"unary operator expected" error in Bash if condition

Question

This script is getting an error:

elif [ $operation = "man" ]; then
    if [ $aug1 = "add" ]; then         # <- Line 75
    echo "Man Page for: add"
    echo ""
    echo "Syntax: add [number 1] [number 2]"
    echo ""
    echo "Description:"
    echo "Add two different numbers together."
    echo ""
    echo "Info:"
    echo "Added in v1.0"
    echo ""
elif [ -z $aug1 ]; then
    echo "Please specify a command to read the man page."
else
    echo "There is no manual page for that command."
fi

I get this error:

calc_1.2: line 75: [: =: unary operator expected

Answer 1

If you know you're always going to use Bash, it's much easier to always use the double bracket conditional compound command [[ ... ]], instead of the POSIX-compatible single bracket version [ ... ]. Inside a [[ ... ]] compound, word-splitting and pathname expansion are not applied to words, so you can rely on

if [[ $aug1 == "and" ]];

to compare the value of $aug1 with the string and.

If you use [ ... ], you always need to remember to double quote variables like this:

if [ "$aug1" = "and" ];

If you don't quote the variable expansion and the variable is undefined or empty, it vanishes from the scene of the crime, leaving only

if [ = "and" ];

which is not a valid syntax. (It would also fail with a different error message if $aug1 included white space or shell metacharacters.)

The modern [[ operator has lots of other nice features, including regular expression matching.

Answer 2

It took me a while to find this, but note that if you have a spacing error, you will also get the same error:

[: =: unary operator expected

Correct:

if [ "$APP_ENV" = "staging" ]

vs

if ["$APP_ENV" = "staging" ]

As always, setting -x debug variable helps to find these:

set -x

Answer 3

Try assigning a value to $aug1 before use it in if[] statements; the error message will disappear afterwards.

Answer 4

Make sure that when comparing a variable like $operation using string comparison you do not leave the possibility that $operation returns an empty string if you use the POSIX approach (single bracket).

Both [ $operation == "man"] and [ "" == "man" ] return the same error: [: ==: unary operator expected

Also, you shouldn't use the = operator unless you double bracket, as stated above.

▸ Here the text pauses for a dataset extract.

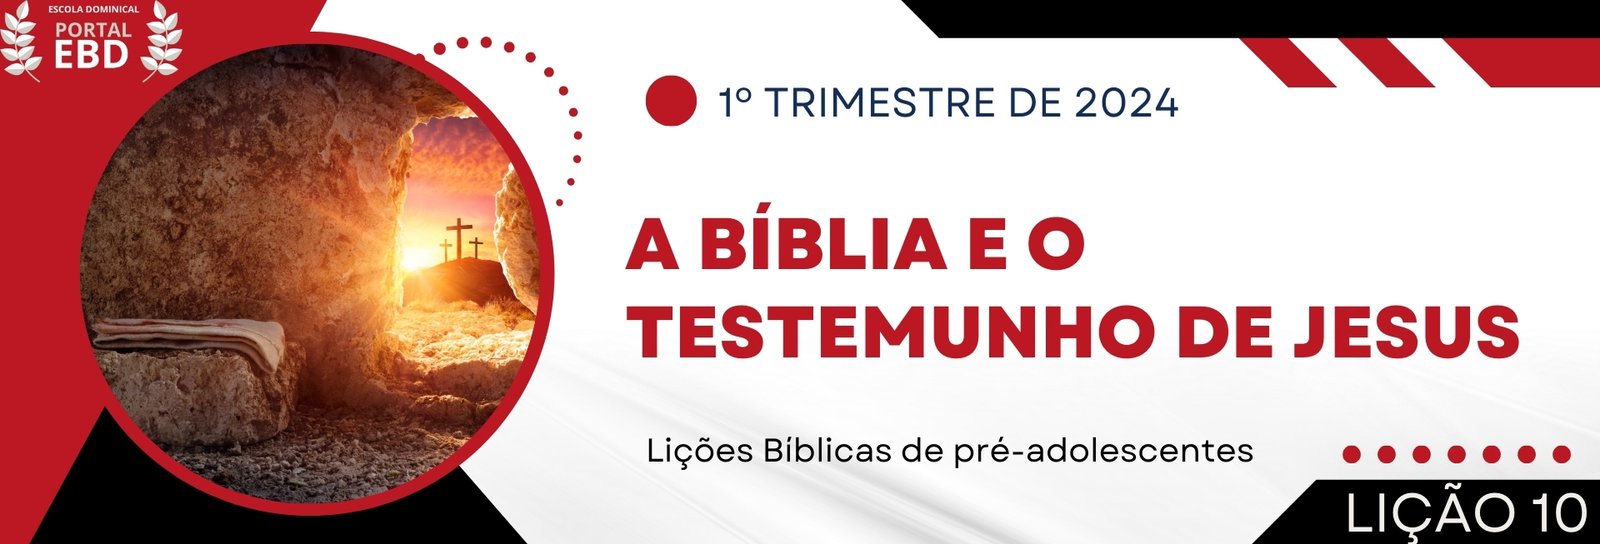 Lição 10 - A Bíblia e o testemunho de Jesus II

Reference: https://tldp.org/LDP/Bash-Beginners-Guide/html/sect_07_01.html

Answer 5

This error can also occur reading numerical input that could possibly be blank (to accept a default option).

The solution is to structure the if statement with multiple conditions & test for an empty variable first.

For example:

# sanitise input
var=$(echo $ans | tr -cd "[:digit:]")

if [ -z "$var" ] || [ "$var" -lt 1 ]; then
   do_something
fi

I had to solve this unary operator expected issue in remove_old_pkgs() of the helper script abk for Arch Sign Modules.

See also 6.4 Bash Conditional Expressions

Answer 6

You can also set a default value for the variable, so you don't need to use two "[", which amounts to two processes ("[" is actually a program) instead of one.

It goes by this syntax: ${VARIABLE:-default}.

The whole thing has to be thought in such a way that this "default" value is something distinct from a "valid" value/content.

If that's not possible for some reason you probably need to add a step like checking if there's a value at all, along the lines of "if [ -z $VARIABLE ] ; then echo "the variable needs to be filled"", or "if [ ! -z $VARIABLE ] ; then #everything is fine, proceed with the rest of the script".